We were told that the restaurant Buoy’s on the waterfront is the only game in town, so we walk over there and, as expected, have to wait a while to get a table.  They have large outdoor patio that is chock-a-block so we opt for an inside table where the wait is shorter and will be less buggy later.  The restaurant is in a minor state of chaos, which is probably its regular state, with the few servers they have running all over the place, and even helping out with cooking the food.  So we roll with the punches and sit down at an empty table and wait patiently.  They have a nice library of books and games so Magnus and I play a game of chess while Stella does some colouring and Ana browses through a few books.  It’s not until we finish our chess game that our server Kyle takes our orders, and he even tells us a joke that involves rice, a bottle of glue and a sailing ship, but we only get about half the punchline – the other half stumps us.  Turns out this is a strategy to keep the customers occupied while it takes them 90 minutes to prepare pasta!  But hey, we are vacation so who cares.  We would discover later that Kyle doesn’t actually work here, he was just filling in for his sister.  In the interim we strike up a conversation with a couple beside us, who are from Toronto and here on a 42’ trawler.  I can tell from their faces that they have some stories to tell.  Just as we are getting into it, Kyle appears and asks me, “Do you want shrimp in that pasta?”

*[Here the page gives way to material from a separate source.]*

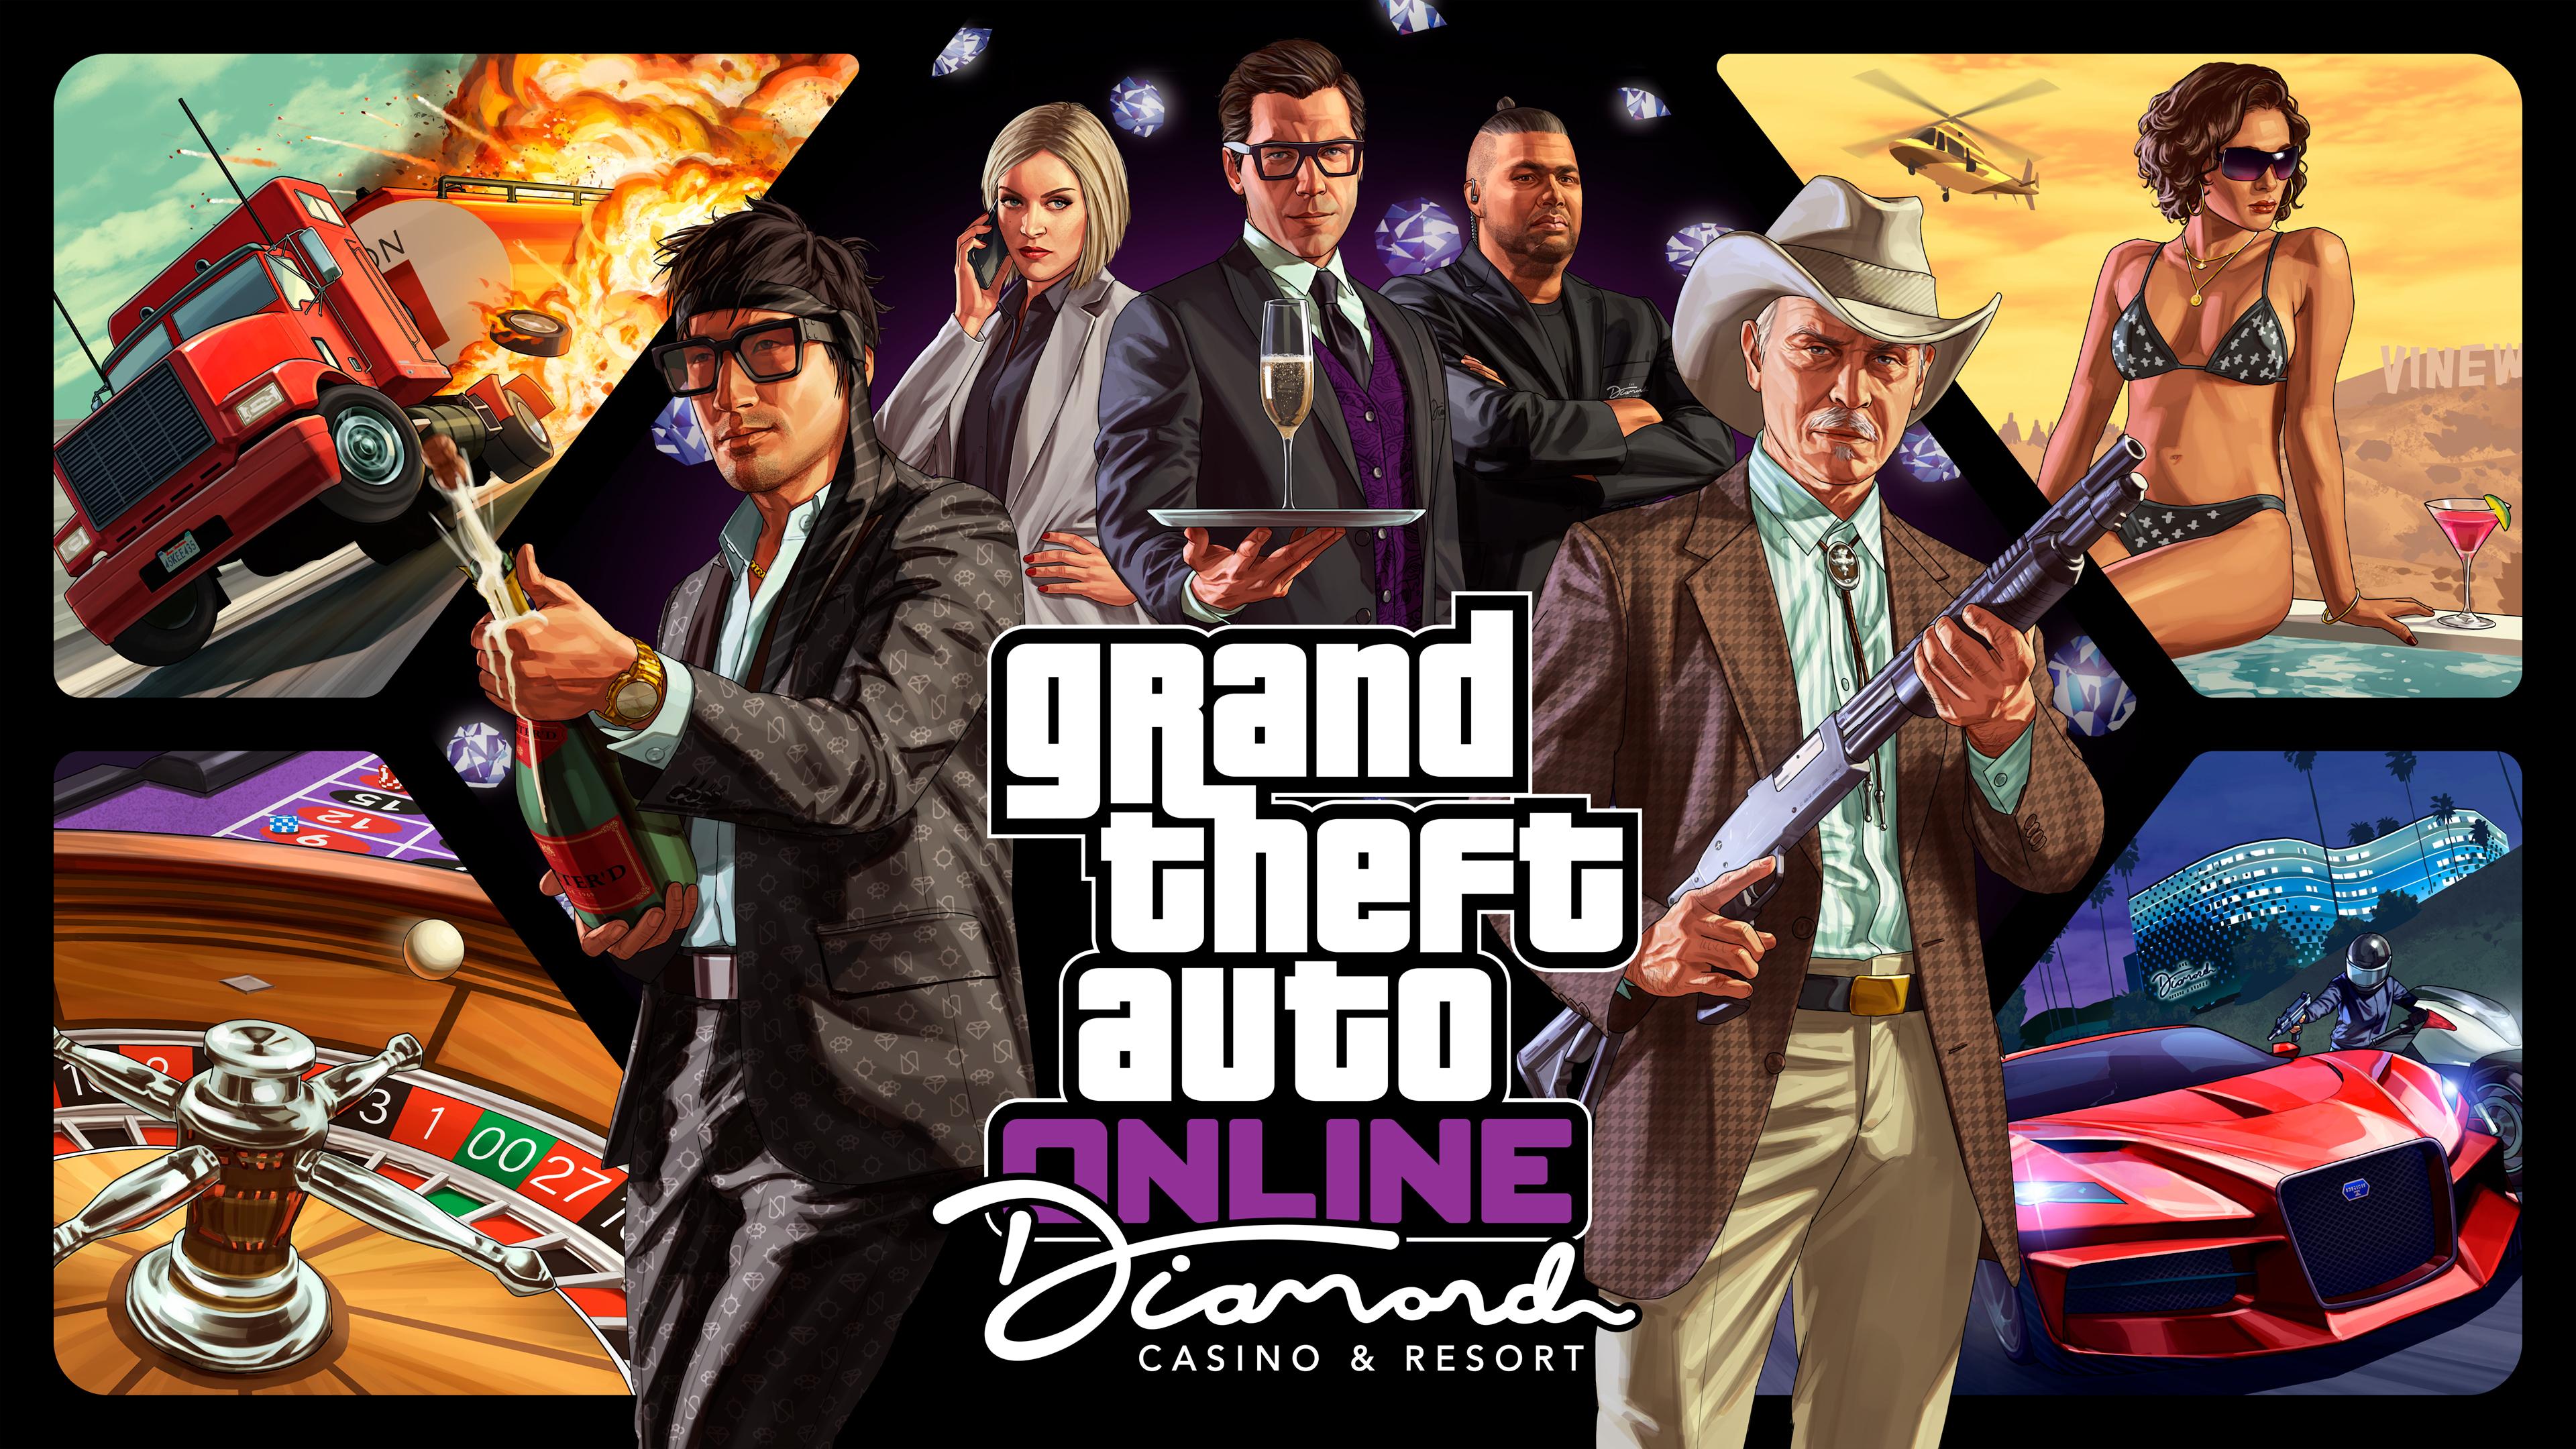 The Diamond Casino Resort Gta Wiki Fandom
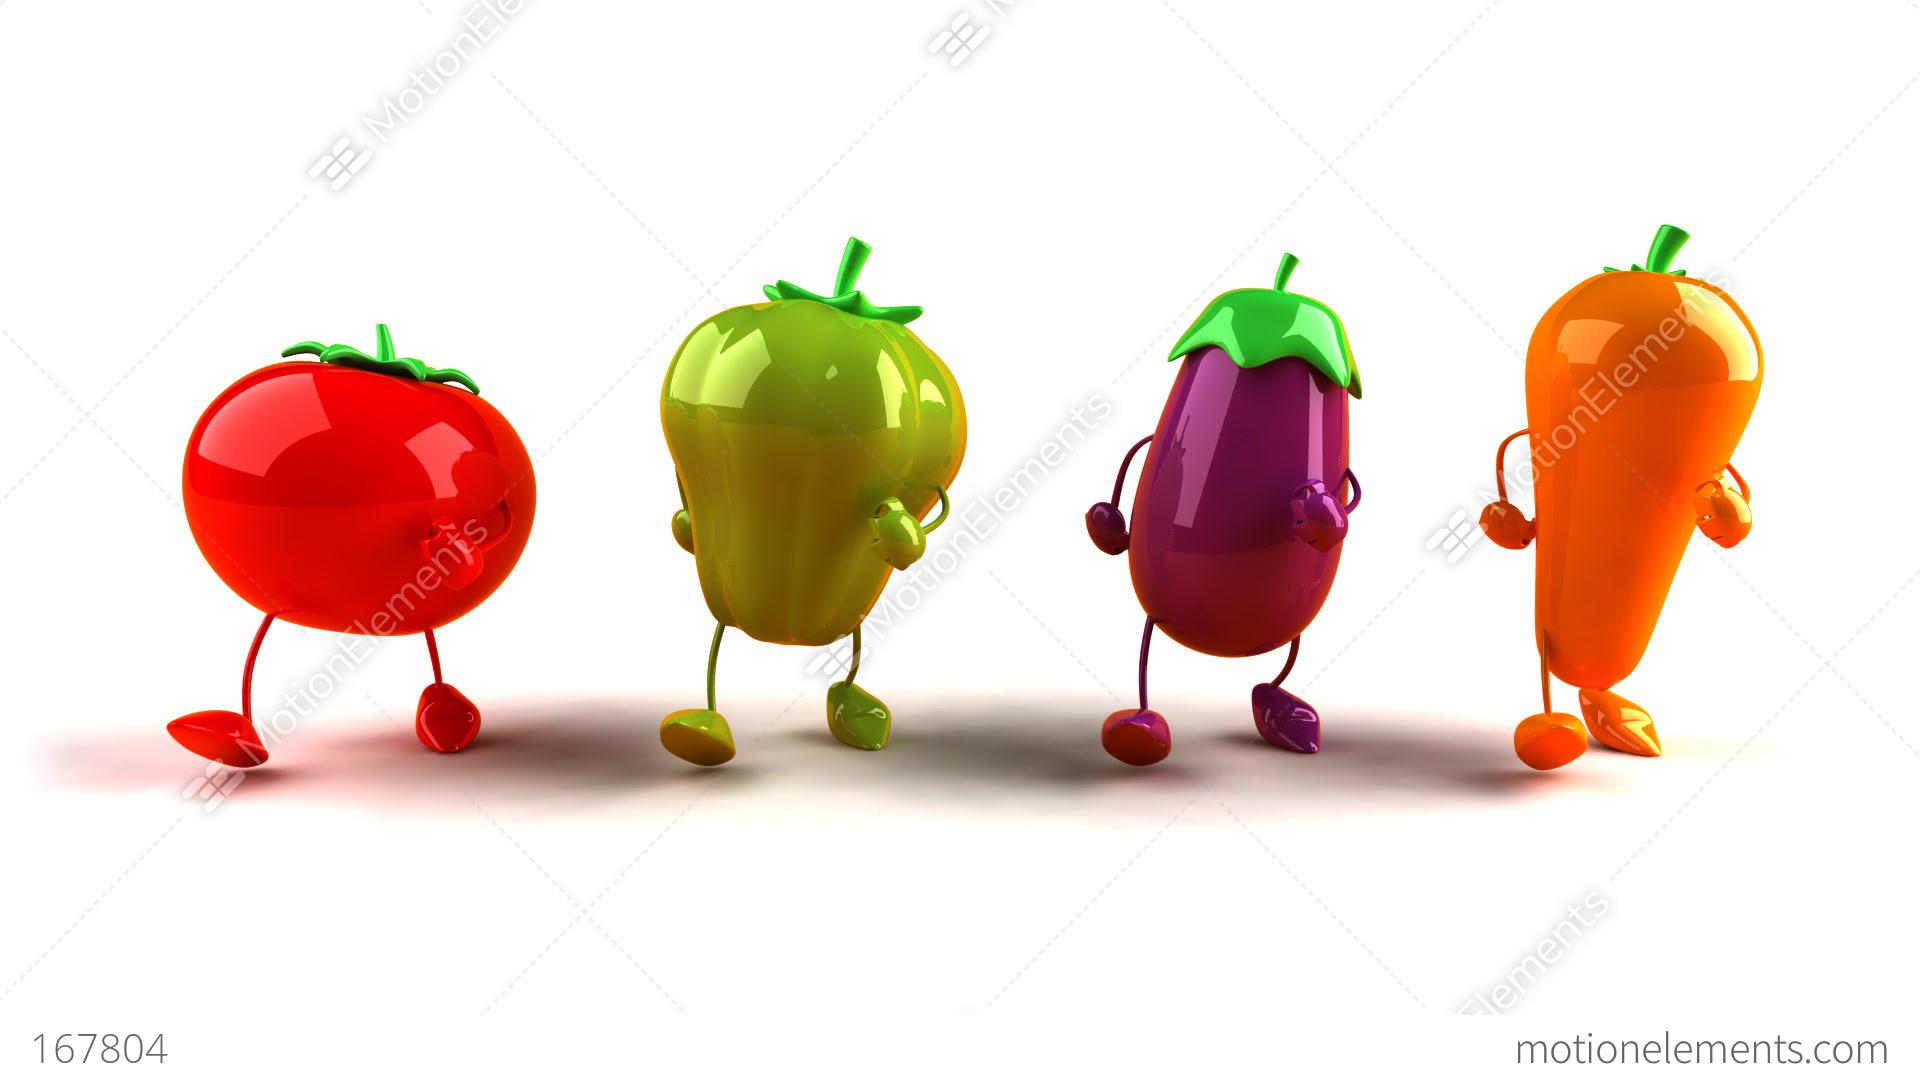 vegetables walk1  u0e20 u0e32 u0e1e u0e40 u0e04 u0e25 u0e37 u0e48 u0e2d u0e19 u0e44 u0e2b u0e27 167804 Drawings of Fruits and Vegetables Fruit and Vegetable Border Clip Art

“I don’t know,” I reply, “I guess.”
“Well you can have it with shrimp if you want.  We have lots of them.”
"Tell you what Kyle.  Because I can’t even remember what I ordered I will leave it to your expert judgement.  Just make it good.”
Our next door table mates like my response so it seems they may want to be friends.  We’ve made some of the best friends of our lives as a result of a table to table conversation in a restaurant somewhere in the world.  So you never know.
Our food arrives, but it’s been so long since we ordered that we’re not sure who gets what, or if the order is even right.  We each grab a plate and dig in and it is very good.  I was too full of cheap Legion lager to even have a drink with dinner so I wash down my fancy pasta with plain old water, very unusual for me, but it seems to work.  We continue our conversation with our friends, learning their names are David and Jacque and they have a black Lab named Parker.  They offer to show us a couple of good anchorages on the chart and invite us to stop by their boat tomorrow.
We pay the bill, walk back to the marina together and then part ways.  We return to our boat and discover the festival beer garden tent is situated directly behind our dock and is jammed with people.  The live band is actually pretty good and cranking out some decent cover tunes.  I’m tempted to go over for a quick drink, but once we’re inside the cozy Bella Blue we instead fire up a movie and watch it to sleep.